I believe the change would capture its real intent.  It doesn't seem
to matter a whole lot, though - IDLE isn't a syntax checker, and
applies heuristics to color on the fly based on best guesses.  As is,
if you type this fragment into an IDLE shell:

kr"sdf"

only the last 5 characters get "string colored", presumably because of
the leading \br in the original regexp.  But if you type in

ku"sdf"

the last 6 characters get "string colored", because - as you pointed
out - the \b part of the original regexp has no effect on anything
other than the r following \b.

But in neither case is the fragment legit Python.  If you do type in
legit Python, it makes no difference (legit string literals always
start at a word boundary, regardless of whether the regexp checks for
that).
___
Python-Dev mailing list
[email protected]
https://mail.python.org/mailman/listinfo/python-dev
Unsubscribe: 
https://mail.python.org/mailman/options/python-dev/archive%40mail-archive.com


Re: [Python-Dev] IDLE colorizer

2018-04-01 Thread Terry Reedy

On 4/1/2018 10:20 PM, Tim Peters wrote:

[MRAB [

A thread on python-ideas is talking about the prefixes of string literals,
and the regex used in IDLE.

Line 25 of Lib\idlelib\colorizer.py is:

 stringprefix = r"(?i:\br|u|f|fr|rf|b|br|rb)?"

which looks slightly wrong to me.


This must be a holdover from years ago, before I was involved.  I have 
wondered about it but left it as is.  Thanks for confirming that it is 
not right.



The \b will apply only to the first choice.

Shouldn't it be more like:

 stringprefix = r"(?:\b(?i:r|u|f|fr|rf|b|br|rb))?"

?


See below.


I believe the change would capture its real intent.  It doesn't seem
to matter a whole lot, though - IDLE isn't a syntax checker, and
applies heuristics to color on the fly based on best guesses.  As is,
if you type this fragment into an IDLE shell:

kr"sdf"

only the last 5 characters get "string colored", presumably because of
the leading \br in the original regexp.  But if you type in

ku"sdf"

the last 6 characters get "string colored", because - as you pointed
out - the \b part of the original regexp has no effect on anything
other than the r following \b.


I tested with uf versus ur, which are both plausibly legal but are not.
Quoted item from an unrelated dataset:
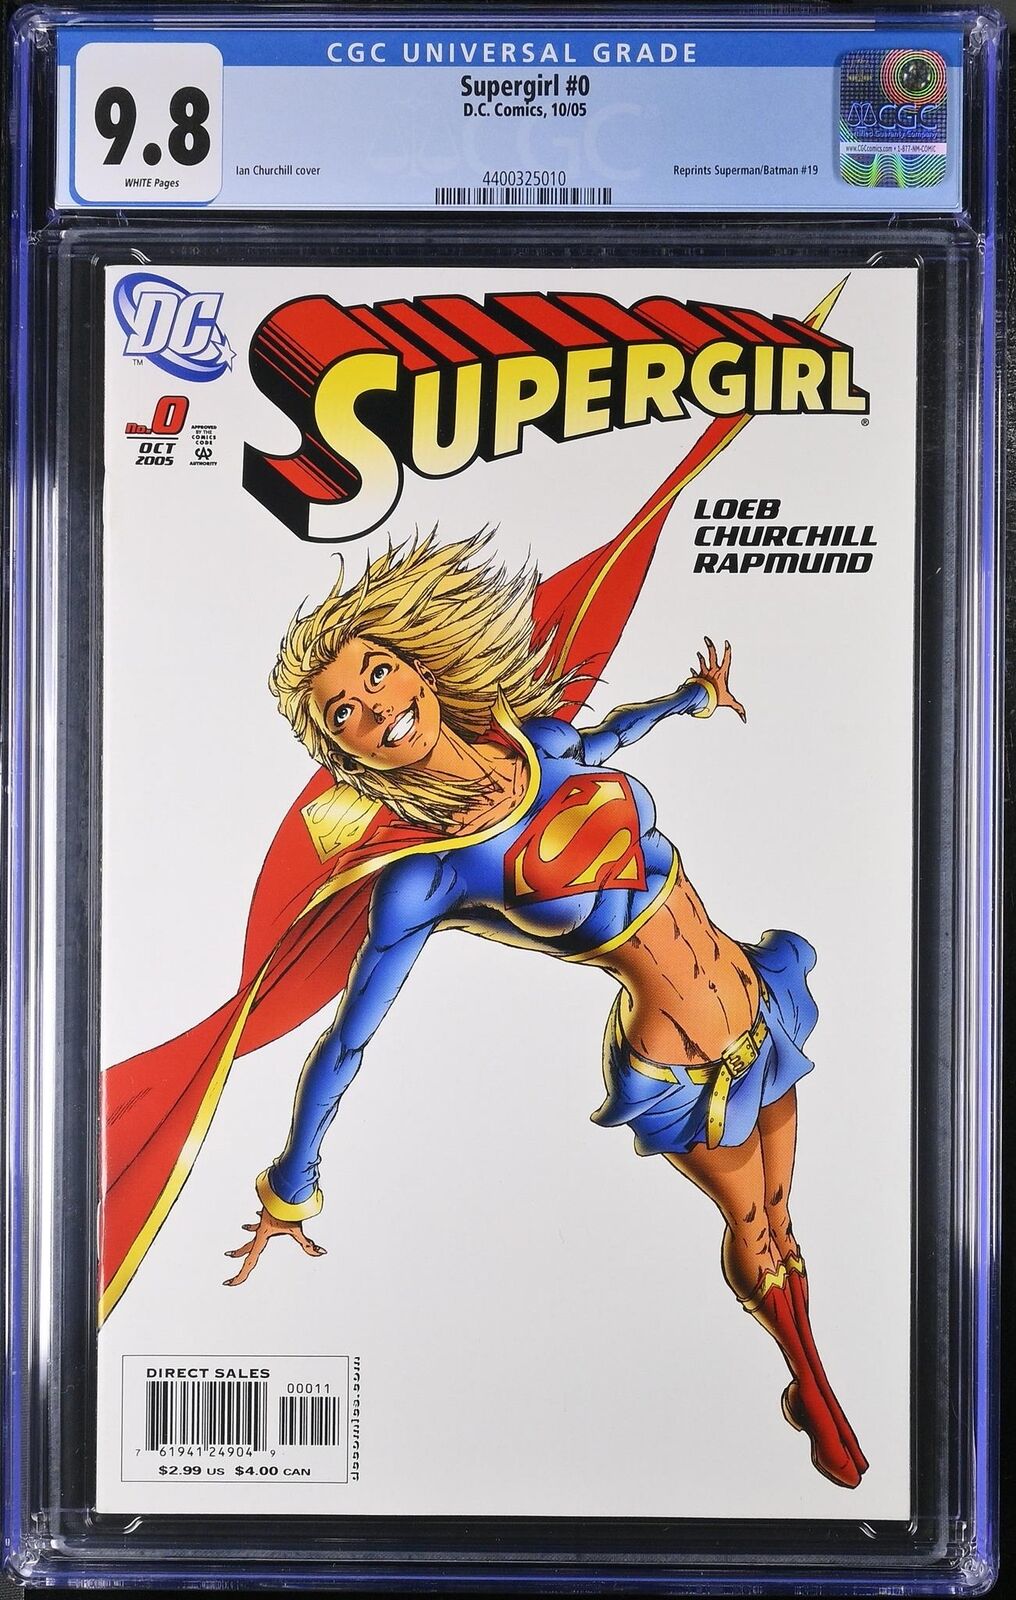 Supergirl 0 CGC 9.8 2005 4400325010 Superman/Batman Reprint #19

But in neither case is the fragment legit Python.  If you do type in
legit Python, it makes no difference (legit string literals always
start at a word boundary, regardless of whether the regexp checks for
that).


I want uniform behavior.  I decided to drop the \b because I prefer 
coloring the maximal legal string rather than the minimum.  I think the 
contrast between two chars legal by themselves, but differently colored 
when put together, makes the bug more obvious.
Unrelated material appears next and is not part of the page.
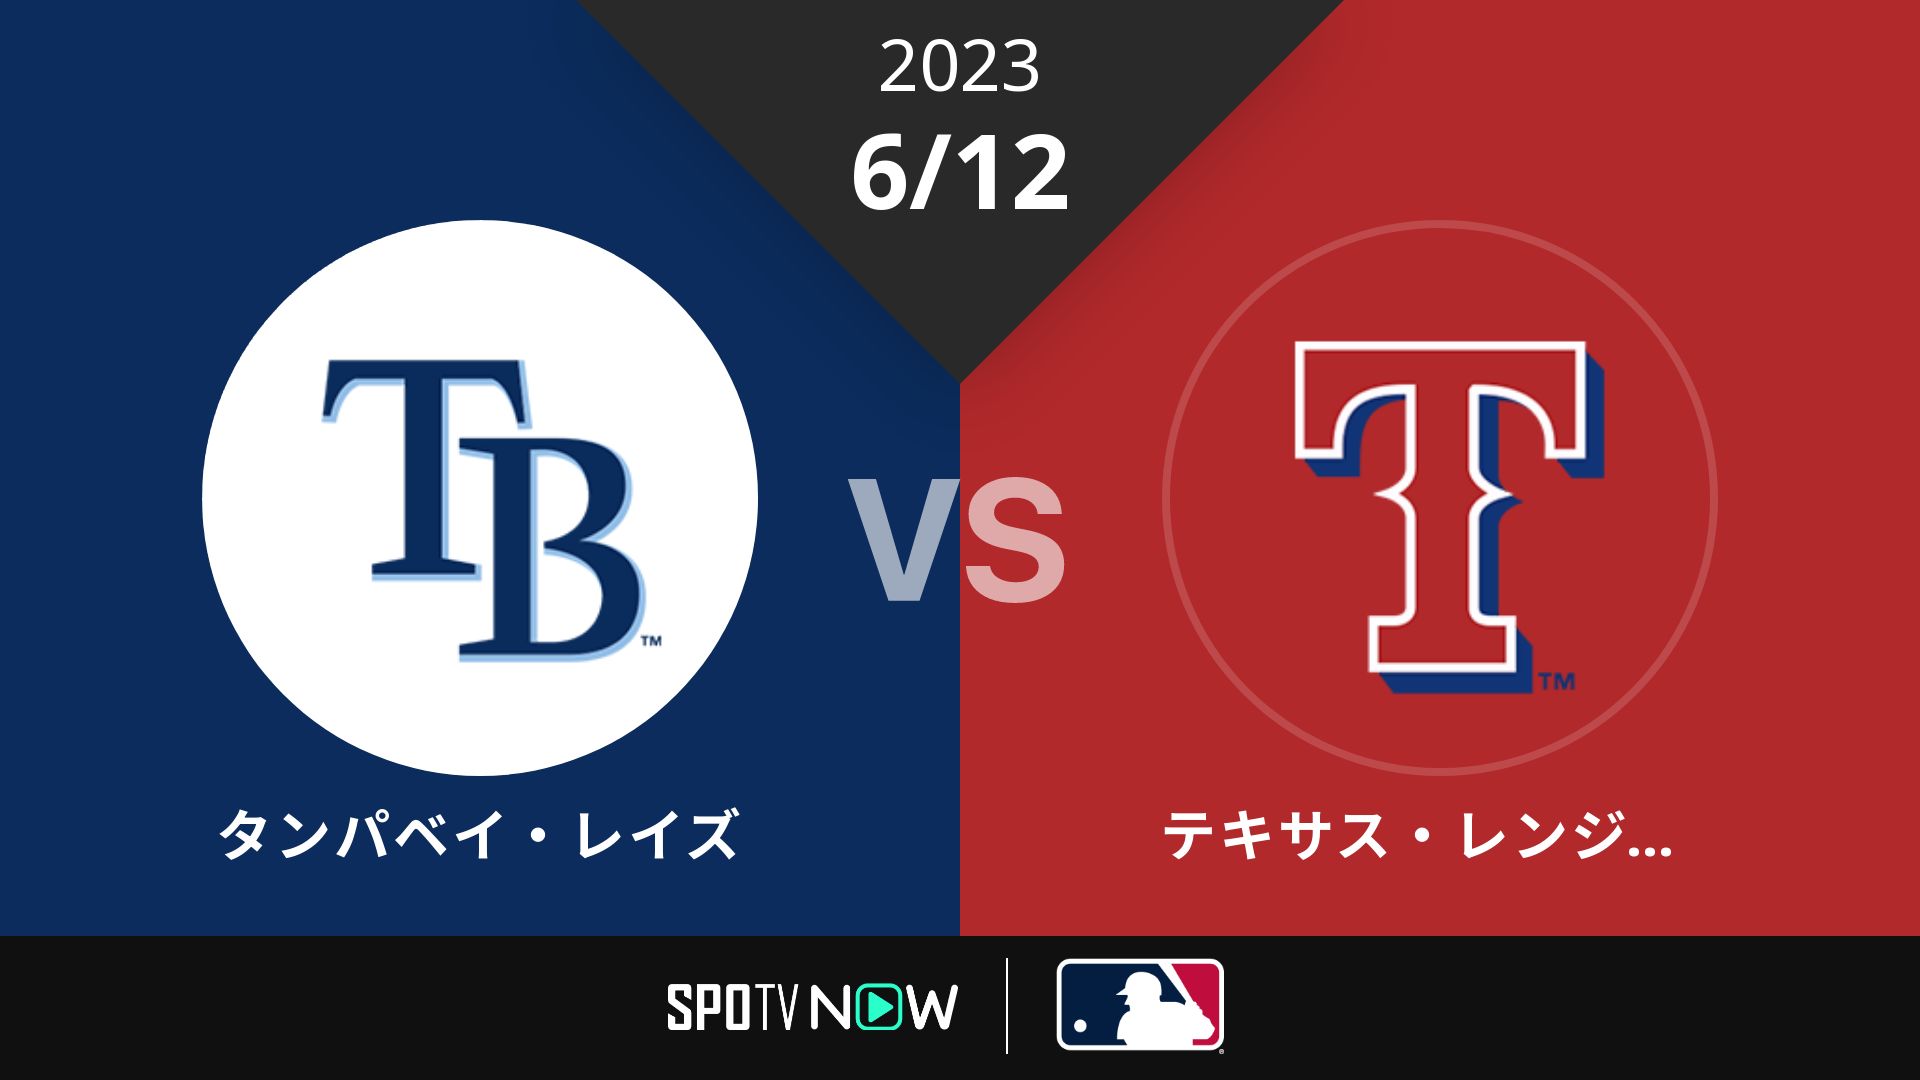 2023/6/12 レイズ vs レンジャーズ [MLB]

https://bugs.python.org/issue33204

--
Terry Jan Reedy

___
Python-Dev mailing list
[email protected]
https://mail.python.org/mailman/listinfo/python-dev
Unsubscribe: 
https://mail.python.org/mailman/options/python-dev/archive%40mail-archive.com


Re: [Python-Dev] IDLE colorizer

2018-04-01 Thread Guido van Rossum
My question for you: how on earth did you find this?! Speaking of a needle
in a haystack. Did you run some kind of analysis program that looks for
regexprs? (We've received some good reports from someone who did that
looking for possible DoS attacks.)

On Sun, Apr 1, 2018 at 6:49 PM, MRAB  wrote:

> A thread on python-ideas is talking about the prefixes of string literals,
> and the regex used in IDLE.
>
> Line 25 of Lib\idlelib\colorizer.py is:
>
> stringprefix = r"(?i:\br|u|f|fr|rf|b|br|rb)?"
>
> which looks slightly wrong to me.
>
> The \b will apply only to the first choice.
>
> Shouldn't it be more like:
>
> stringprefix = r"(?:\b(?i:r|u|f|fr|rf|b|br|rb))?"
>
> ?
> ___
> Python-Dev mailing list
> [email protected]
> https://mail.python.org/mailman/listinfo/python-dev
> Unsubscribe: https://mail.python.org/mailman/options/python-dev/guido%
> 40python.org
>



-- 
--Guido van Rossum (python.org/~guido)
___
Python-Dev mailing list
[email protected]
https://mail.python.org/mailman/listinfo/python-dev
Unsubscribe: 
https://mail.python.org/mailman/options/python-dev/archive%40mail-archive.com


Re: [Python-Dev] Nuking wstr [Re: How can we use 48bit pointer safely?]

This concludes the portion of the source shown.